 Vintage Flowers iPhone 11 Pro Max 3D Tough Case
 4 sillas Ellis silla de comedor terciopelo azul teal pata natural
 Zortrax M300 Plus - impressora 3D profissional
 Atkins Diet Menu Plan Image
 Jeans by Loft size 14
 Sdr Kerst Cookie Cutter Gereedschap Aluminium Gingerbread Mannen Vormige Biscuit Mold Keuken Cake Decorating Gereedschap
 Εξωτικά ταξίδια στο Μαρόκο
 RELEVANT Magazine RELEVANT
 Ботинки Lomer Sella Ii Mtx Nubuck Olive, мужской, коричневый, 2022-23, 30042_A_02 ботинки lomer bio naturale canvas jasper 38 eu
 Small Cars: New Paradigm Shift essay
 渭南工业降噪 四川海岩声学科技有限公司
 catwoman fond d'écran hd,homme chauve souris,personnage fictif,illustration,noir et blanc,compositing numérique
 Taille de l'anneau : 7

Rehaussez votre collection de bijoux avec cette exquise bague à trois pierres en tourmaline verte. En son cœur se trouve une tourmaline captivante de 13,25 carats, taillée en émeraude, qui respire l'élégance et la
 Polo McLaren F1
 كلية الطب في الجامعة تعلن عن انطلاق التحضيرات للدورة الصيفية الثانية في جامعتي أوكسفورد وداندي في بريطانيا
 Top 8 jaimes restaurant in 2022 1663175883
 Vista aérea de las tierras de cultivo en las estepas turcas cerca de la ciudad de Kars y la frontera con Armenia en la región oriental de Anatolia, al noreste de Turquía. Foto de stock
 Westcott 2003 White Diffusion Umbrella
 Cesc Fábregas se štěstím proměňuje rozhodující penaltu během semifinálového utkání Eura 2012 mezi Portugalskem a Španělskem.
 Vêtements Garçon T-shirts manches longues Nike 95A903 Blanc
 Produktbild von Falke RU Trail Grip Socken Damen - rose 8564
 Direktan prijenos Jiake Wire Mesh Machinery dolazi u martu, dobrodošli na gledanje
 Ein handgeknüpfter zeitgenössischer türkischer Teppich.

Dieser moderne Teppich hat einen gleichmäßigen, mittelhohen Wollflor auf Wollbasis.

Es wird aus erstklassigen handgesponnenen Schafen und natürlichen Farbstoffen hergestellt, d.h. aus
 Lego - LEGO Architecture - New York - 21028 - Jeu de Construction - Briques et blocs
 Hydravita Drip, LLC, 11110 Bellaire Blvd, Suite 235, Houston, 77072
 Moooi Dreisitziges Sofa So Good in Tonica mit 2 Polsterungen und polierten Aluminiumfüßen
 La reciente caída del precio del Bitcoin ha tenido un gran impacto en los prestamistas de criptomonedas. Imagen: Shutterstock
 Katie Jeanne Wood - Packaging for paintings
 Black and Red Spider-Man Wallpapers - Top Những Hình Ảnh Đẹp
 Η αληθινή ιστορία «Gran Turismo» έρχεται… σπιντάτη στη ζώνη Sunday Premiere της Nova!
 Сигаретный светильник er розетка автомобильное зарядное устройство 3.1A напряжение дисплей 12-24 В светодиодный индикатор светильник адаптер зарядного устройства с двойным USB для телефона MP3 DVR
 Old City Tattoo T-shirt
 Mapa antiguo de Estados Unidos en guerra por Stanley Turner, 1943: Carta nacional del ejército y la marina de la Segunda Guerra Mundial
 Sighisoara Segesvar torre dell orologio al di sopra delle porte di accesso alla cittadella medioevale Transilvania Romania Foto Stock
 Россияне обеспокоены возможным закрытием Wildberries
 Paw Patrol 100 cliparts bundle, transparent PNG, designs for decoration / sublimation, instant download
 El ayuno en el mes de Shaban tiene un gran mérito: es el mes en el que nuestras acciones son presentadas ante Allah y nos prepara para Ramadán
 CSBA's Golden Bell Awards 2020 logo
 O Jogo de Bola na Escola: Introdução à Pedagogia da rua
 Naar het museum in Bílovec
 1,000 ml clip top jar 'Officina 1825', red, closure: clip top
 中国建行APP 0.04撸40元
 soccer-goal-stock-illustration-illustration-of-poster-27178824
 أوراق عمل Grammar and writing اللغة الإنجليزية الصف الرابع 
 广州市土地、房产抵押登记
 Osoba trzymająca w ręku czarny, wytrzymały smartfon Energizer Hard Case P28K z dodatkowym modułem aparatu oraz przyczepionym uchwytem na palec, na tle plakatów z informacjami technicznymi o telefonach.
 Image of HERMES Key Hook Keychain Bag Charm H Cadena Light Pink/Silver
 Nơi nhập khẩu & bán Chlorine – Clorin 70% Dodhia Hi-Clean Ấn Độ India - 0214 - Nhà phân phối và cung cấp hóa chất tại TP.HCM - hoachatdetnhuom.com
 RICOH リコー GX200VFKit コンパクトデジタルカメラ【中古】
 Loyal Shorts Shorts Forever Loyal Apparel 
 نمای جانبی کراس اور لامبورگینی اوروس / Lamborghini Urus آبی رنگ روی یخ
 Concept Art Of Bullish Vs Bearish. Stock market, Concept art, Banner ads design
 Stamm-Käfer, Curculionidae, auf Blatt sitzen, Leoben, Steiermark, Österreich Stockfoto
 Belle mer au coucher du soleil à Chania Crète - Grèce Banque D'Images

Task →
Could you restate word for word the lines above from the one containing "渭南工业降噪 四川海岩声学科技有限公司" through the one containing "Lego - LEGO", both included, and nothing else?

Output for this task →
 渭南工业降噪 四川海岩声学科技有限公司
 catwoman fond d'écran hd,homme chauve souris,personnage fictif,illustration,noir et blanc,compositing numérique
 Taille de l'anneau : 7

Rehaussez votre collection de bijoux avec cette exquise bague à trois pierres en tourmaline verte. En son cœur se trouve une tourmaline captivante de 13,25 carats, taillée en émeraude, qui respire l'élégance et la
 Polo McLaren F1
 كلية الطب في الجامعة تعلن عن انطلاق التحضيرات للدورة الصيفية الثانية في جامعتي أوكسفورد وداندي في بريطانيا
 Top 8 jaimes restaurant in 2022 1663175883
 Vista aérea de las tierras de cultivo en las estepas turcas cerca de la ciudad de Kars y la frontera con Armenia en la región oriental de Anatolia, al noreste de Turquía. Foto de stock
 Westcott 2003 White Diffusion Umbrella
 Cesc Fábregas se štěstím proměňuje rozhodující penaltu během semifinálového utkání Eura 2012 mezi Portugalskem a Španělskem.
 Vêtements Garçon T-shirts manches longues Nike 95A903 Blanc
 Produktbild von Falke RU Trail Grip Socken Damen - rose 8564
 Direktan prijenos Jiake Wire Mesh Machinery dolazi u martu, dobrodošli na gledanje
 Ein handgeknüpfter zeitgenössischer türkischer Teppich.

Dieser moderne Teppich hat einen gleichmäßigen, mittelhohen Wollflor auf Wollbasis.

Es wird aus erstklassigen handgesponnenen Schafen und natürlichen Farbstoffen hergestellt, d.h. aus
 Lego - LEGO Architecture - New York - 21028 - Jeu de Construction - Briques et blocs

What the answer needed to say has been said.